I think the least confusing notation for the three partial derivatives of a function $f:\mathbb R^3\to\mathbb R$ is $D_1f$, $D_2f$, $D_3f$. The most popular notation $\frac{\partial f}{\partial x}$, $\frac{\partial f}{\partial y}$, $\frac{\partial f}{\partial z}$ is actually pretty strange, since e.g. the first one is defined as the function $g:\mathbb R^3\to\mathbb R$ such that for all $r,s,t\in\mathbb R$,
$$g(r,s,t)=\lim_{h\to 0}\frac{f(r+h,s,t)-f(r,s,t)}{h}.$$ As you can see, the variable "x" isn't involved in the definition, so why should it be part of the notation for this function? The only reasonable answer is that we usually use the symbol x to represent the number that we plug into the first variable slot.

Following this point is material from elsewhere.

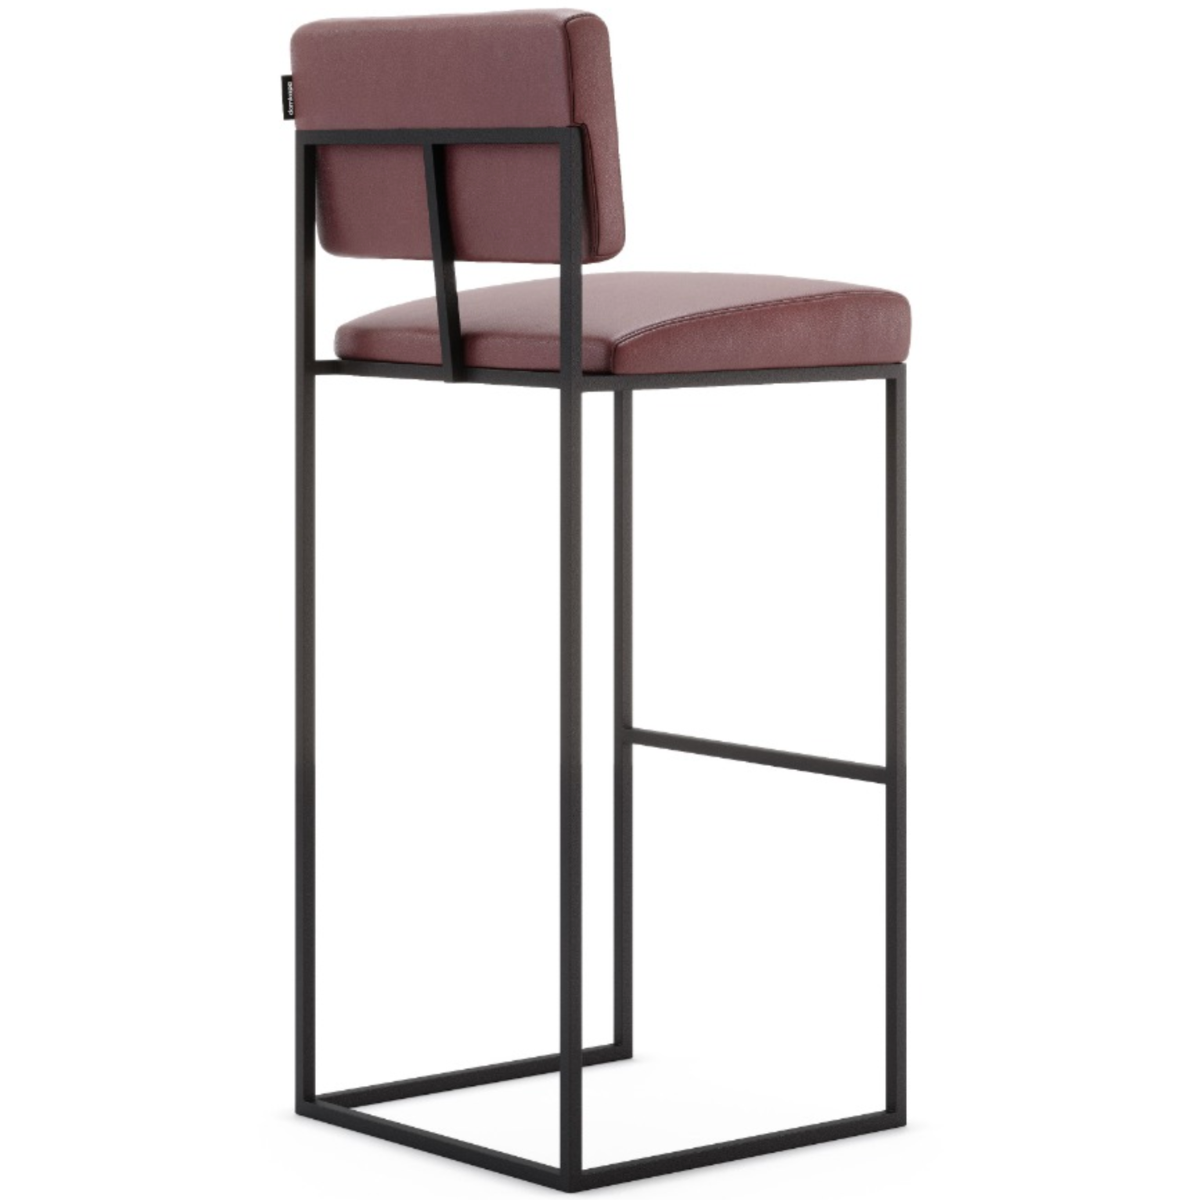 Domkapa Gram Bar Chair - Customisable | Modern Furniture + Decor

The motivation for the "correct" result in your problem is something like this: Let's say that we're dealing with some expression that involves the variables $y$, $y'$ and $x$, something like $3y+y'x^2$. This expression is said to be a "function of" $y$, $y'$ and $x$ because its value (the number the expression represents) is determined by the values of these three variables. Now it's convenient to introduce an actual function $f:\mathbb R^3\to\mathbb R$ defined by
$$f(r,s,t)=3r+st^2$$ for all $r,s,t\in\mathbb R$. Now the original expression is equal to $f(y,y',x)$. Because of this, it makes sense to denote $D_1f$, $D_2f$, $D_3f$ by $\frac{\partial f}{\partial y}$, $\frac{\partial f}{\partial y'}$, $\frac{\partial f}{\partial x}$. When you evalutate
$$\frac{d}{d\alpha} f(y+\alpha\eta,y'+\alpha\eta',x)$$ the answer will contain partial derivatives of f, and we should denote them by $\frac{\partial f}{\partial y}$, $\frac{\partial f}{\partial y'}$, $\frac{\partial f}{\partial x}$, because that's the notation we decided to use before we decided to evaluate this particular total derivative.

Last edited: Jun 3, 2015
12. Jun 3, 2015

### PeroK

Your first post is essentially correct, so all this was perhaps an attempt to explain the slightly loose notation that the author was using. And perhaps that sums it up: his is a bit loose and yours is clunky and mine is pedantic!

I wasn't sure why you started to use things like $Y'$ in your last post, which suggested you didn't quite understand what I was getting at. Hopefully it's all clear now.

13. Jun 3, 2015

### Kinta

I think everything is crystal clear now. Thanks, everybody!